Last week I wrote about the basic economic illiteracy behind of Oren Cass’s case for industrial policy. So basic were the mistakes that I thought perhaps I had misread Cass’s argument. Like the villainous Mugatu from the comedy Zoolander I asked myself, “Doesn’t anybody notice this? I feel like I’m taking crazy pills!”
Thankfully the economist Donald Boudreaux, former economics-department chair at George Mason, writing today for AIER has reassured me that Oren Cass’s comparative advantage is not his discussion of comparative advantage:
The minor mistakes include Cass’s claim that most economists, when they theorize about trade, disregard, or at least discount, the fact that comparative advantage is (to use his term) “endogenous.” In fact, however, all competent economists know full well that the pattern of comparative advantage changes frequently and is largely the product of legal, political, social, and economic institutions as well as of individuals’ conscious choices regarding their occupations. While economists typically hold the pattern of comparative advantage “fixed” in order to clearly demonstrate its elementary logic, no competent economist believes that comparative advantage is fixed in the real world, needing only to be “discovered.” Nor does any competent economist insist that comparative advantage is exogenously imposed by nature and impervious to human attempts to alter it.

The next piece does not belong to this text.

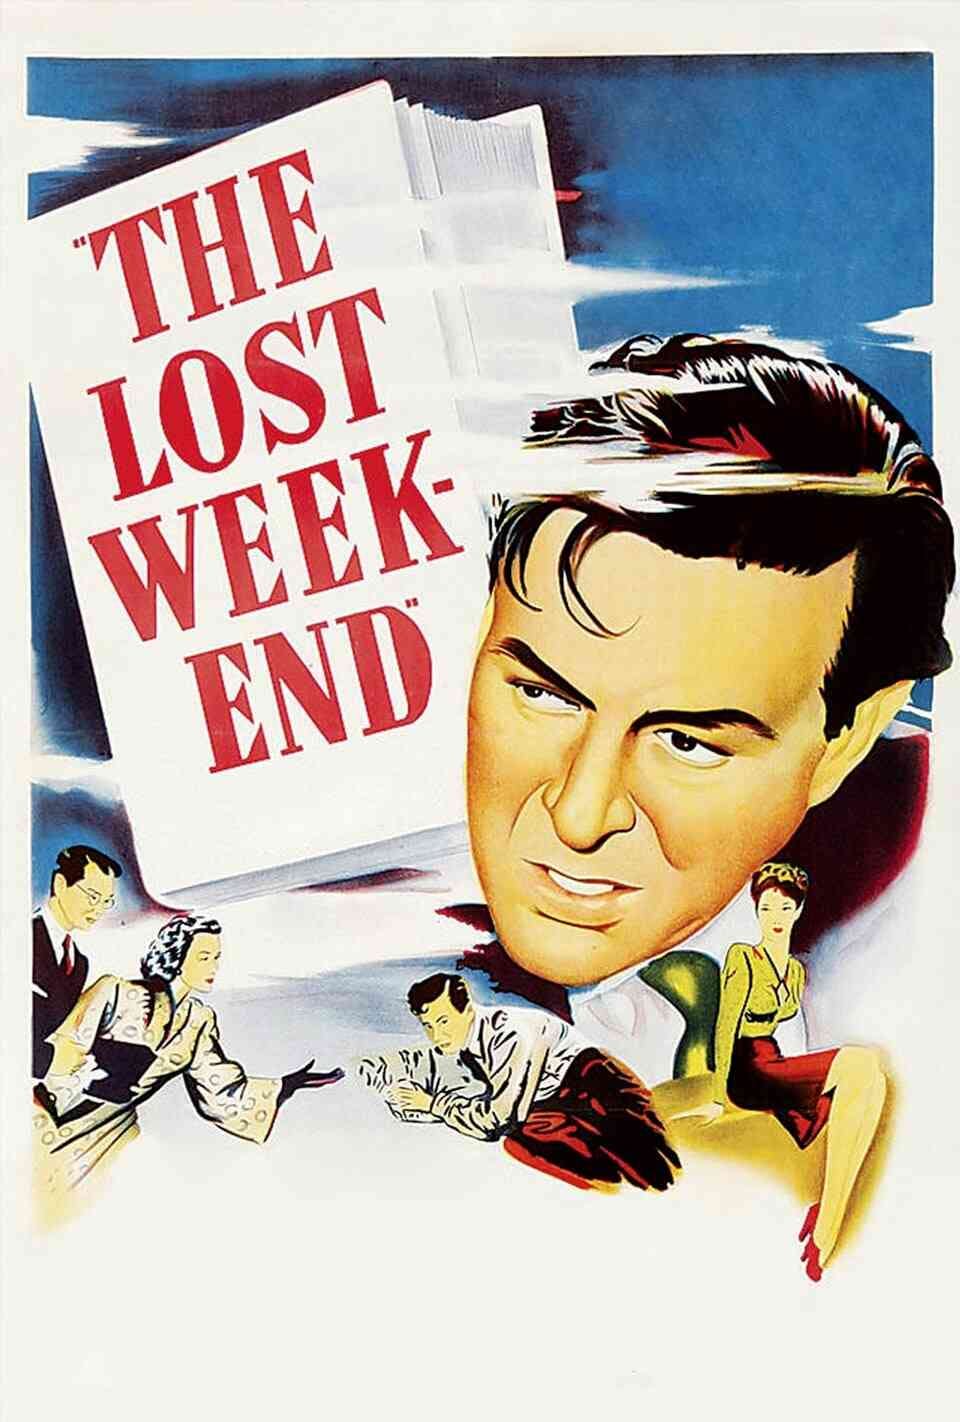 Read The Lost Weekend screenplay (poster)

Boudreaux also points out Cass’s ignorance of the fact that low wages reflect low productivity:
Manufacturers operate in low-wage countries not because they can exploit workers there, but because those workers – having worse alternatives than those available to workers in the U.S. and other high-wage countries – have a comparative advantage at performing low-value-added manufacturing tasks. It’s mysterious why Cass, along with other ‘economic nationalists,’ wish such manufacturing tasks to be performed by Americans, who have comparative advantages at performing much higher value-added tasks and, as a result, are paid much-higher wages. Because Cass mistakenly believes that low wages in “cheap labor” countries reflect, not low productivity, but exploitation, he’s blind to the fact that, were such jobs ‘returned’ to America, almost all Americans who perform those jobs would take substantial pay cuts.
These errors are minor compared with what Boudreaux argues is Cass’s fundamental error:
he completely misses the market’s role at gathering and processing information. This error is revealed when he equates the competitive market to the meanderings of a drunk donkey. In fact, it is no such thing.